# New home system, need advice



## Bo Handskemager Sørensen (Jan 2, 2015)

Good evening everyone (20:01 here)

I'm building a new system for my home needs and need advice.

I've been using a Solaris 11 system on my old machine, which died mid-December.  The reason I'm here on this site is because of the similarities of the two OSes and Solaris has no ARM support.

The new system (and my old) is going to be used for quite a lot of tasks; Routing, Firewall, VPN, Web Hosting, Storage, TV Recording and Media Center for the household and I would like to use it as a personal cloud storage.

As mentioned, I'm going to be using an ARM server board (if I can find one with more than one PCIe slot) because of this and all of the other requirements, I only see 2 choices: FreeBSD and SmartOS, although I'm not certain SmartOS has ARM support at present. I'm designing and building the system myself (best mate is an electronics mechanic and brother-in-law a CNC machinist) so pretty much only leaves a few things left to figure out.

In my decision making process I need help on the software side, as I have no clue about anything besides Solaris, OS X and a little Windows.

I would like any suggestions about the FreeBSD (and if anyone has experience with SmartOS) and what software would be beneficial for my needs (OpenStack, LZ4 Compression, bhyve, ..?).

What makes FreeBSD good, what can FreeBSD give me and how easy is it to maintain vs other OS's (don't compare to Linux, never gonna use it as I think Linus Torvalds is both whiney and arrogant).

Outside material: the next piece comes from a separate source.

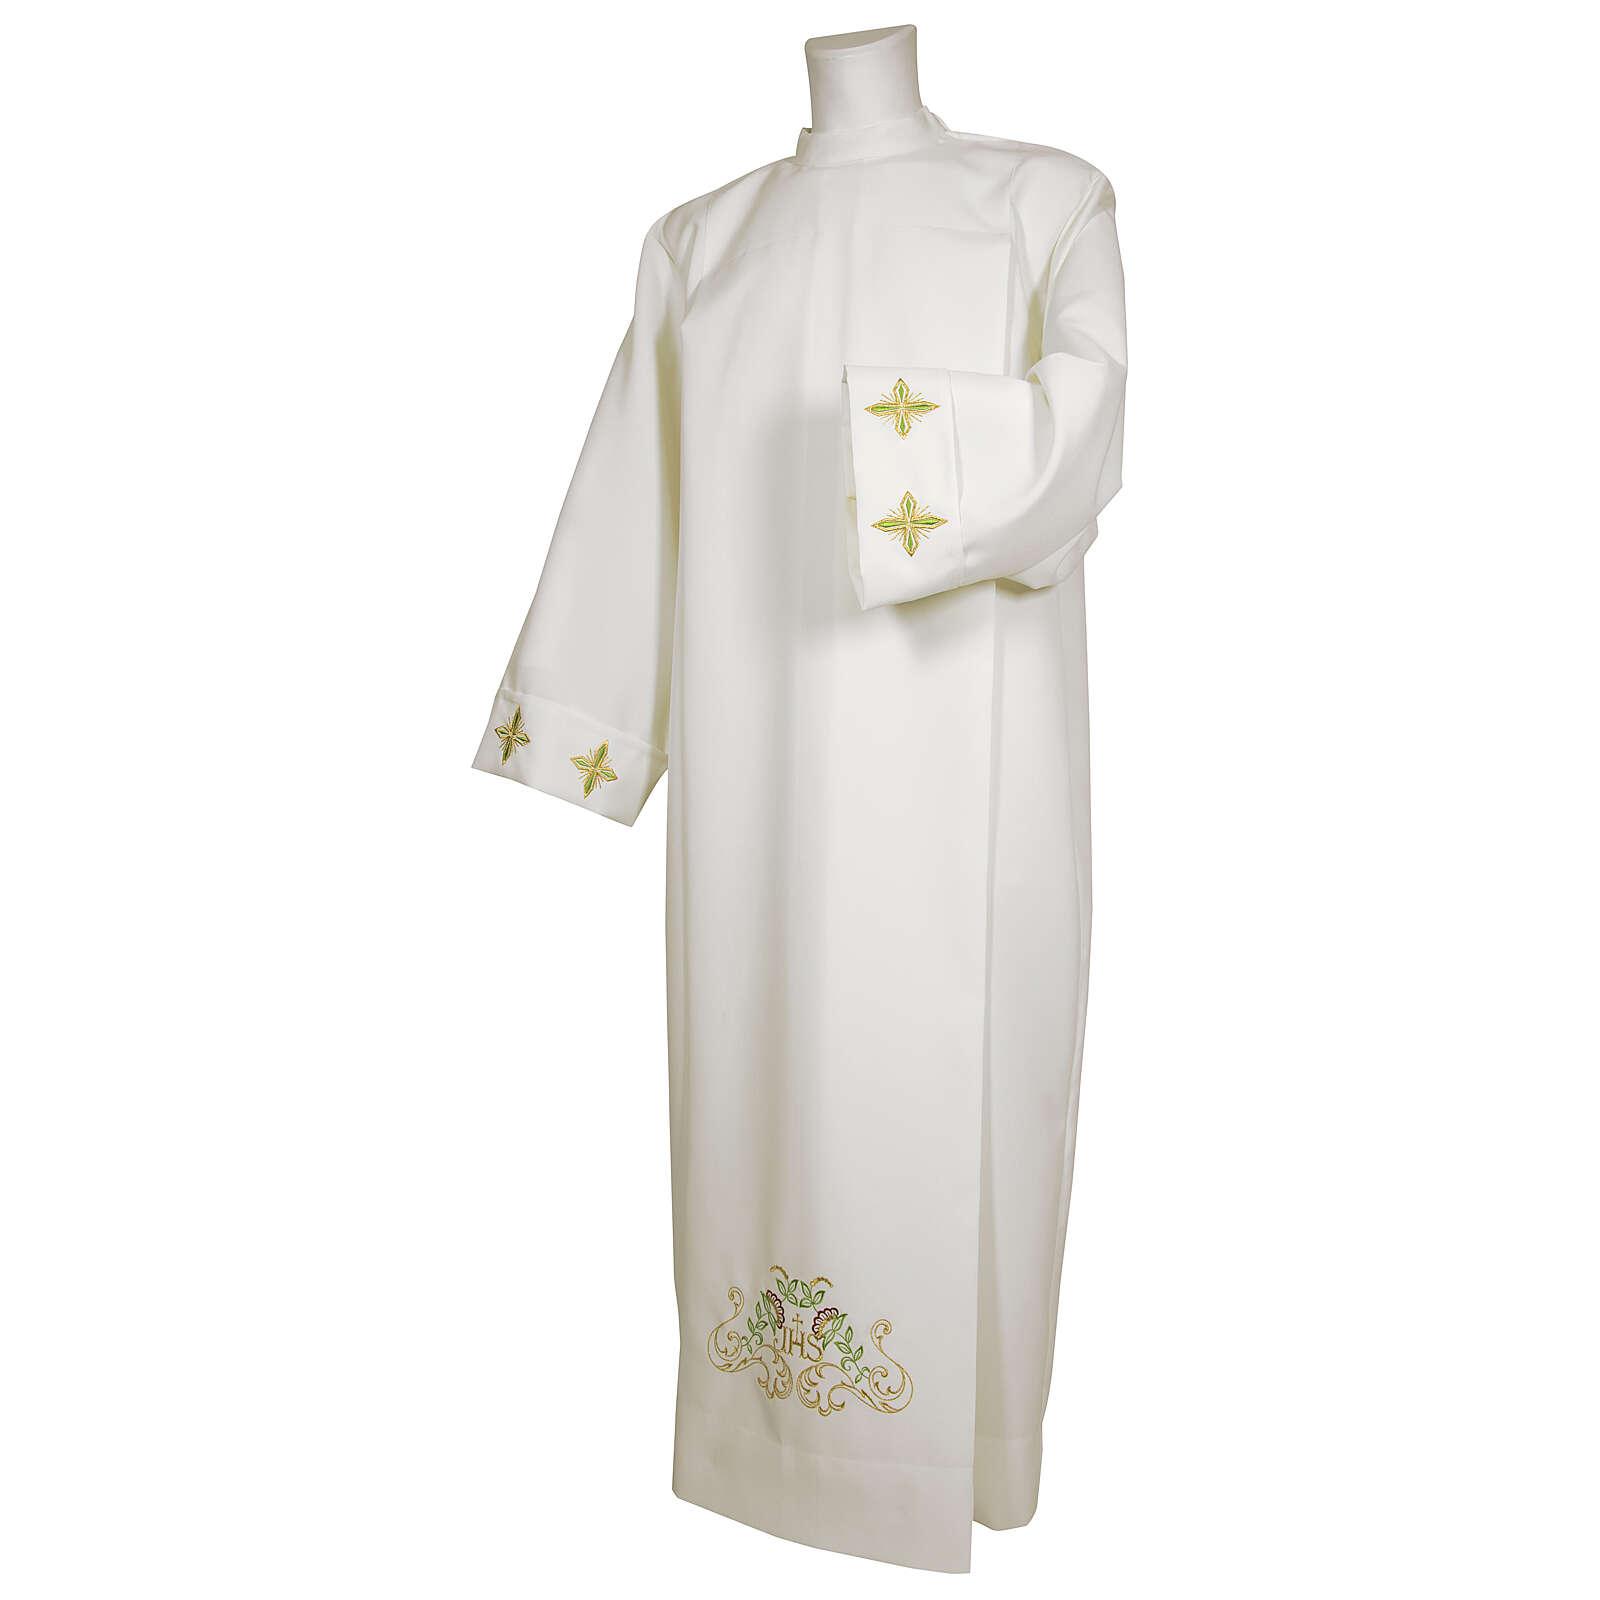 Alva branca 65% poliéster 35% algodão cruz decoro floral fecho de correr na frente 4

I know this is a lot to ask for but I'm really not sure what I should pick.  Help would be much appreciated.


Kind regards.


Bo Handskemager Sørensen
reclzznzz@gmail.com


----------



## tingo (Jan 2, 2015)

With FreeBSD; look hard at what is supported in ARM. It is still a Tier 2 architecture in FreeBSD. If I were you, I would also split the tasks over two machines (physical or virtual), perhaps keeping Storage, TV Recording and Media Center on one machine, and the rest on another. All eggs in one basket...
I don't know SmartOS, so can't comment on that.


----------



## Bo Handskemager Sørensen (Jan 2, 2015)

tingo said:


> With FreeBSD; look hard at what is supported in ARM. It is still a Tier 2 architecture in FreeBSD. If I were you, I would also split the tasks over two machines (physical or virtual), perhaps keeping Storage, TV Recording and Media Center on one machine, and the rest on another. All eggs in one basket...
> I don't know SmartOS, so can't comment on that.


Yeah, I can see I didn't mention it, I used one zone for Routing and another zone for web hosting so I get your "all the eggs in one basket" and thanks for the reply


----------



## Juanitou (Jan 2, 2015)

Maybe you already know it, but I'd start here: https://wiki.freebsd.org/FreeBSD/arm.


----------